2. Its intrusive. Its a royal pain in the a$$ to mutilate your URLs with this stuff - and even worse when it doesn't provide effective security. At least cookies are transparent to URLs! I can't count the number of times clients of mine have said "our theme doesn't use widgets so we want to embed your plugin-generated URLs directly in our theme". Sounds like a reasonable request. But wait! I need to tell them that those URLs contains nonces and hence you need to fetch them a-new everytime you want to display them. In effect, they're dynamic URLs. That requires them to write PHP code; and over 50% of my clients aren't PHP programmers. My point is that this approach takes away some existing flexibility but doesn't really improve the security of the system in return.
Now that I've got that out, I'm going to propose an alternative, just so I won't be accused of being a whiner.
Go back to the threat and work within the existing constraints.
The threat is session hijacking. Existing constraints are static URLs. Proposals:
1. augment session authentication (i.e. cookies) with IP address filtering. Have Wordpress not only require a valid cookie but a cookie that came from the same IP address it was issued to and was received from.
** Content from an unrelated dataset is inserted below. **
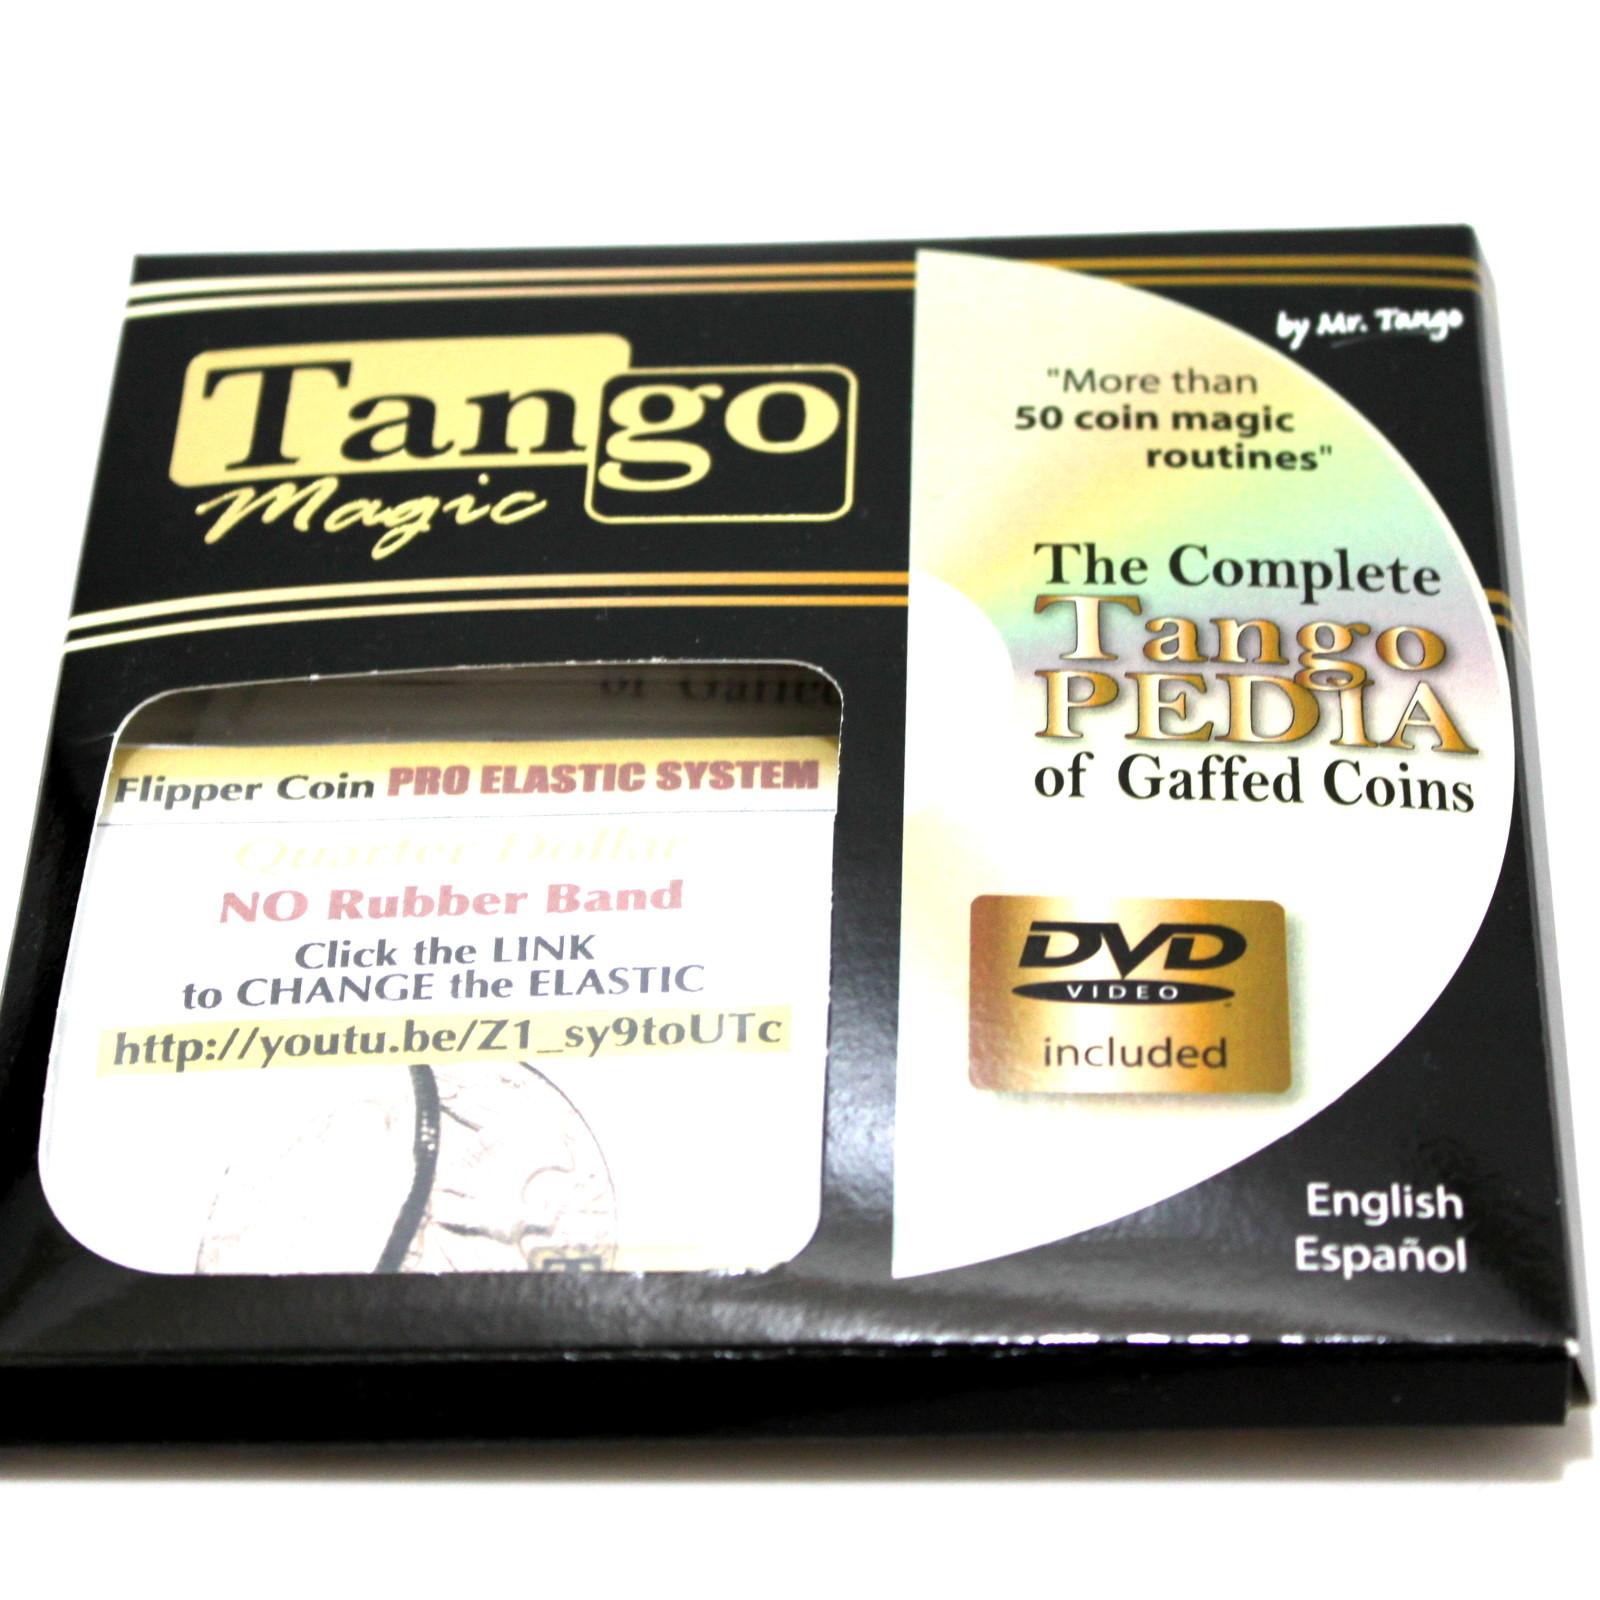 Pro Elastic System Flipper Coin (Quarter) by Tango Magic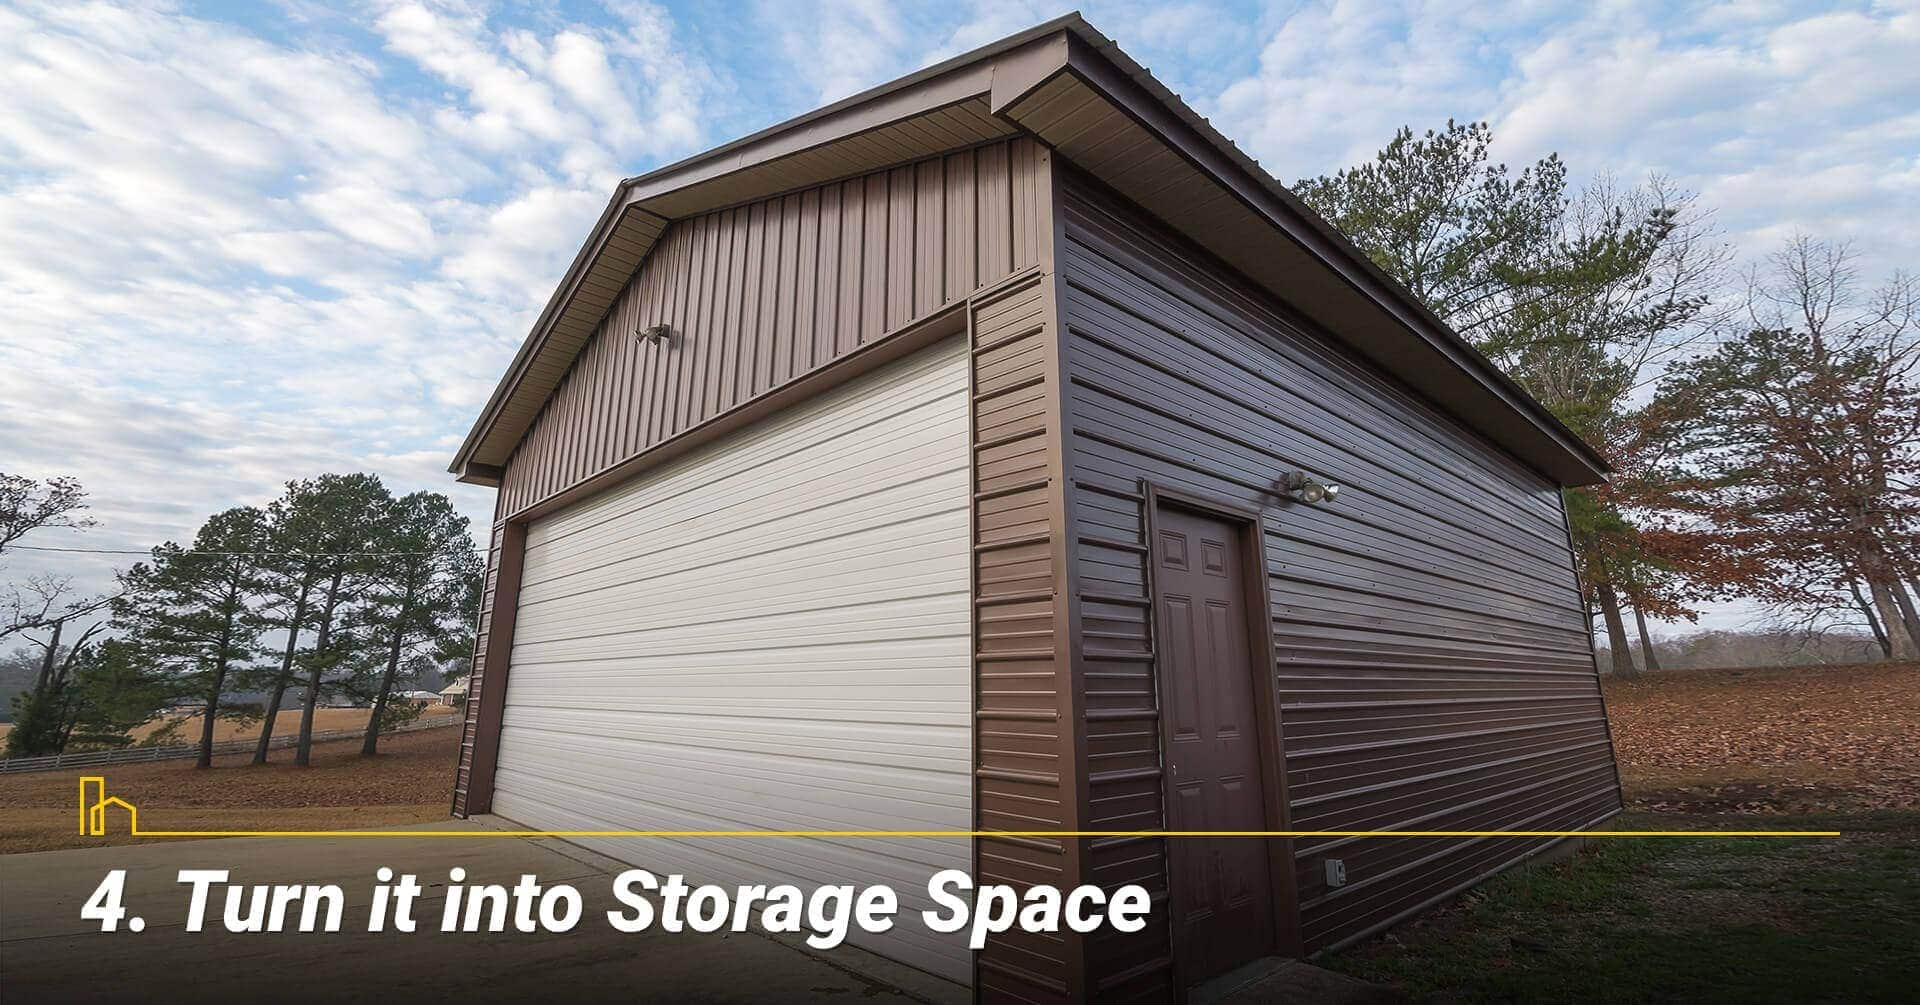 Turn it into Storage Space

I know IP addresses can be spoofed but nonce sessions can be spoofed too with far greater ease. At least with this approach you don't have to mangle your URLs.
2. Update the cookie value on every request. Although this sounds good in theory, in practice it would probably cause a lot of false-positive lock-outs which would require the user to log back in again. And fundamentally, it actually doesn't resolve the problem: its just reduces the window of opportunity to an incredibly short time. If a hacker were fast enough (i.e. submitted the next page as you before you did) then they would be let in and you would be locked out.
As you can see, it appears that there might not be an effective solution at this level. It may simply be that Wordpress does the best it can (using cookies and source IP address) and leave it up to other technologies to provide a comprehensive security solution: e.g. SSL to stop anyone else from eavesdropping on the data sent back and forth. Perhaps even having Wordpress run its admin functions on a restricted IP port which requires SSL client side authentication to establish the HTTPS connection. At some point you need to ask yourself, what is the value of the website (asset) I'm protecting? what is the likely investment a typical hacker will make to gain control of that asset?, and is my security system's cost inline with these values?
How do you propose the hacker would hijack a session that uses nonces?
Someone had to point out that for us UK readers "nonce" is an extremely widely used and understood slang for a paedophile, which makes virtually every statement above extremely "humorous". Sorry to be childish, but I assure you it's true. http://www.google.es/search?hl=en&rlz=1B3GGGL_en-GBES329ES329&q=nonce+uk&btnG=Search
Well luckily it wasn't me who came up with the expression :)
Thanks a lot for this!
Exactly what I was looking for! Thanks.
thanks, it's just what i'm looking for.
Does this still reign true for Wordpress 2.7 and above?